Services for Science and Education – United Kingdom
Regeneration of kaempferia parviflora from Meristem Through
Somatic Embryogenesis
Zuraida Ab Rahman
Biotechnology & Nanotechnology Research Centre,
MARDI Headquarters, Persiaran MARDI-UPM, 43400 Serdang, Selangor, Malaysia
Nur Auni Syazalien Ahmad
Universiti Malaysia Pahang, Gambang Campus,
Lebuhraya Tun Razak, 26300 Gambang, Pahang, Malaysia
Nur Najwa Arifah Basirun
Biotechnology & Nanotechnology Research Centre,
MARDI Headquarters, Persiaran MARDI-UPM, 43400 Serdang, Selangor, Malaysia
Ayu Nazreena Othman
Biotechnology & Nanotechnology Research Centre,
MARDI Headquarters, Persiaran MARDI-UPM, 43400 Serdang, Selangor, Malaysia
ABSTRACT
The most effective combination of growth regulators for inducing callus formation
in the meristem tissue of Kaempferia parviflora was found to be 0.5 mg/L of 6-
Benzylaminopurine (BAP) combined with 2.0-5.0 mg/L of Naphthaleneacetic acid
(NAA). This combination resulted in the formation of calluses weighing between 5.7
g and 5.8 g. These calluses were predominantly friable and had a yellowish colour.
To promote the proliferation of calluses, two different carbon sources, namely
sucrose and maltose, were tested. The best results were obtained when using
sucrose at a concentration of 30 g/L, supplemented with 0.5 mg/L of Thidiazuron
(TDZ) and a range of 1.0-3.0 mg/L of BAP. Under these conditions, the callus weight
reached the highest values recorded, ranging from 10.37 g to 11.50 g.
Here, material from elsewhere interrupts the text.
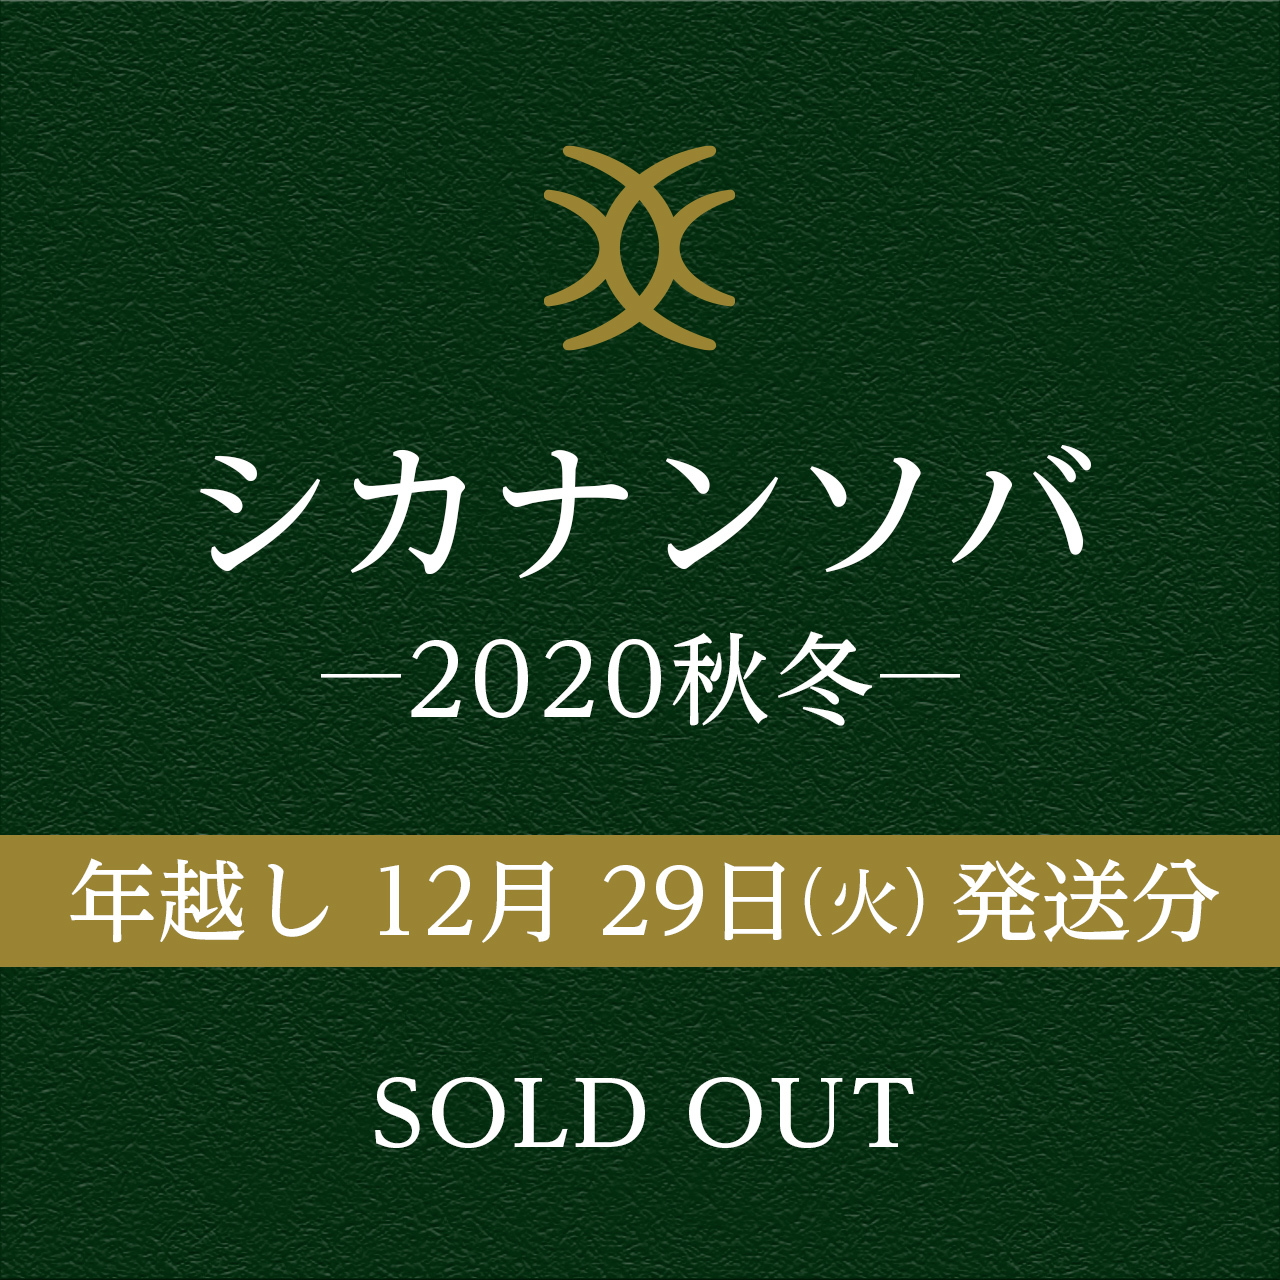 【予約・限定20セット】シカナンソバ ―2020秋冬―/年越し蕎麦 12月29日(火)発送

Additionally,
this medium exhibited the highest efficiency in developing green somatic embryos
(2.1-5.5%), with no browning observed, unlike with maltose. For regeneration, the
optimal medium consisted of a combination of 5.0 mg/L of NAA, 0.5 mg/L of TDZ,
and 1.0 mg/L of BAP. This medium resulted in the highest production of somatic
embryos (21.5 g) and the highest number of plantlets (7.8). Overall, the study
demonstrated the successful manipulation of media composition to induce callus
formation, promote callus proliferation, and achieve efficient somatic embryo
production and plantlet regeneration in Kaempferia parviflora.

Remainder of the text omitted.